CSV Lead Consultant

Client is seeking a CSV Lead Consultant to support its legacy system modernization and ongoing validation initiatives. This role will focus primarily on Computer System Validation (CSV) but would greatly benefit from additional experience in equipment, process, aseptic, sterile/cleaning validation.

The ideal candidate will play a critical role in establishing structured validation processes, ensuring data integrity and compliance across manufacturing and quality systems. Given the current state: a 20+ year-old facility with aging processes, this consultant will be instrumental in supporting new implementations, data management strategies, and regulatory alignment as the company transitions toward MDR certification in the EU.
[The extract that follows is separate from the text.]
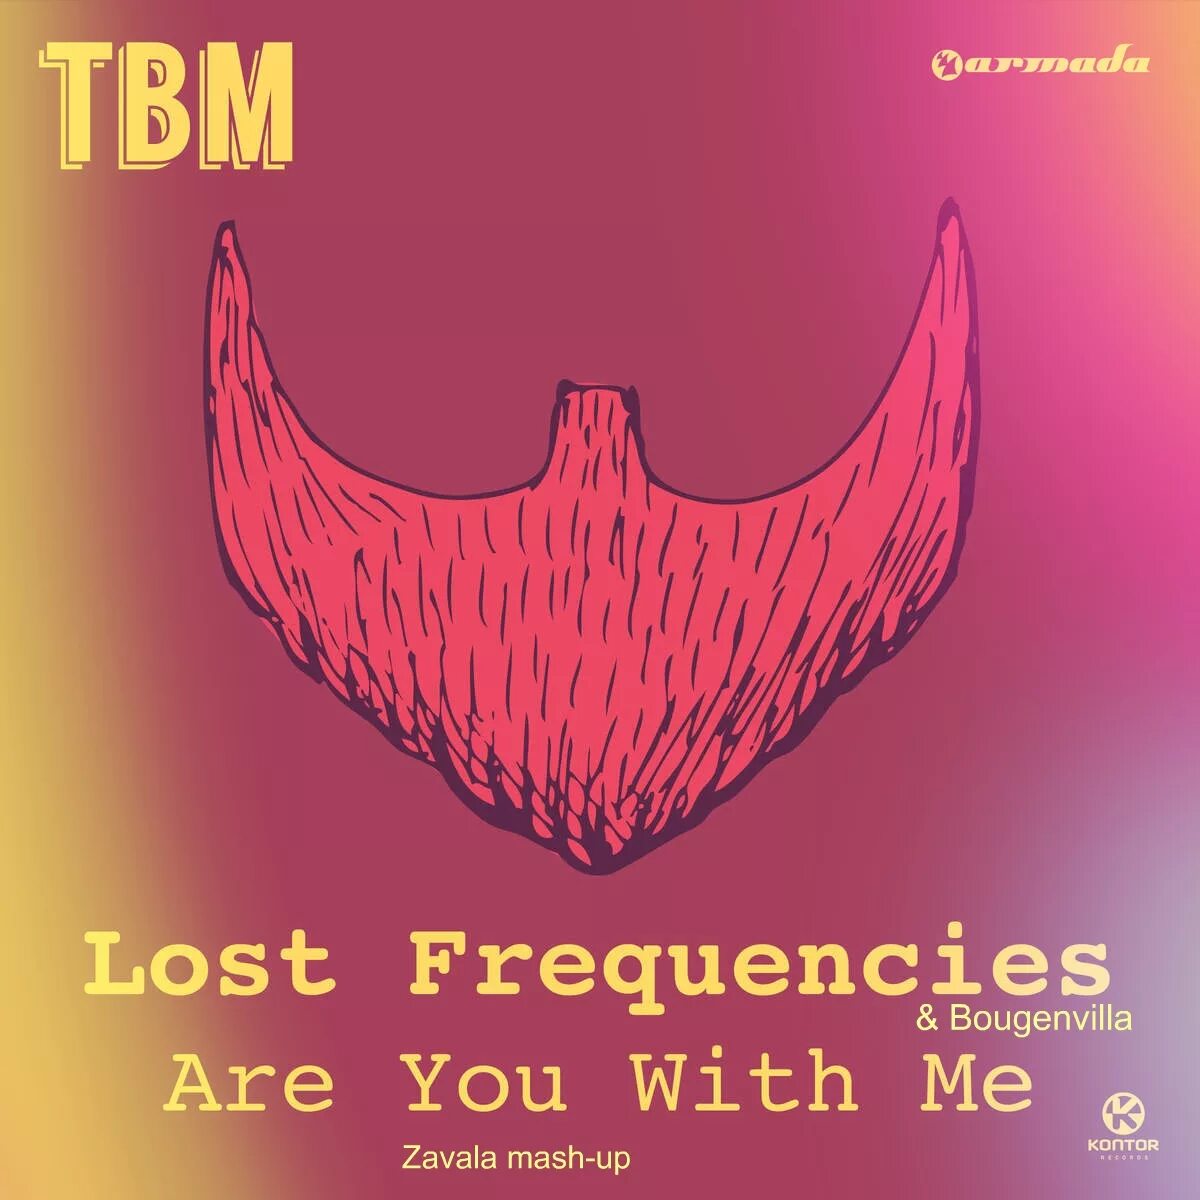 Reality Lost Frequencies ok. Lost Frequencies where are you. Lost frequencies head

This is a fully onsite role in Bedford, MA (Monday Friday), requiring hands-on collaboration with stakeholders across Quality, Engineering, and Manufacturing. Responsibilities:

Lead Computer System Validation (CSV) efforts, ensuring compliance with FDA 21 CFR Part 11, GAMP 5, ISO 13485, and MDR regulations.

Develop and implement a structured CSV framework & SDLC Client lacks a robust CSV program and requires documentation strategies, validation plans, and qualification protocols from the ground up.

Support major system implementations & upgrades:

Ignition SCADA system deployment across multiple manufacturing lines.

PLC-driven systems & HMI replacement (currently no overarching system architecture).

Data historian implementation critical for long-term audit readiness and process monitoring.

Assess and document system gaps, aligning with MDR certification requirements for legacy products.

Develop validation documentation (VP, URS, IQ, OQ, PQ, RTM, etc.) to support software, equipment, and automation validation.

Ensure data integrity & compliance strategies are in place for batch records, GMP documentation, and audit readiness.

Provide strategic input on system architecture & data flow to optimize validation and compliance practices.

Collaborate with cross-functional teams (QA, Engineering, IT, Manufacturing) to drive validation projects to completion.

Manage validation timelines, task execution, and project tracking, ensuring deliverables meet deadlines. Requirements:

8+ years of CSV experience in regulated industries (medical device, pharma, or biotech).

Strong background in Computer System Validation (CSV) & Software Development Life Cycle (SDLC) experience building validation programs from scratch is a huge plus.

Experience with modernizing legacy systems ideal candidate has worked with aging infrastructures and helped transition organizations toward compliant, data-driven validation programs.

Hands-on experience with SCADA systems (Ignition preferred), PLC-driven automation, and HMI systems.

Knowledge of aseptic processing & sterilization validation (ISO 13408) is a plus, but not required.

Understanding of ISO 13485, 21 CFR Part 11, GAMP 5, and EU MDR compliance.

Ability to work cross-functionally with IT, Engineering, Manufacturing, and Quality teams.

Strong documentation and regulatory writing skills must be able to create clear, audit-ready validation protocols and reports.

Experience with validation tools like MasterControl, Empower, or other QMS/eQMS systems is a plus.

Proven ability to work independently in a fast-paced, evolving environment.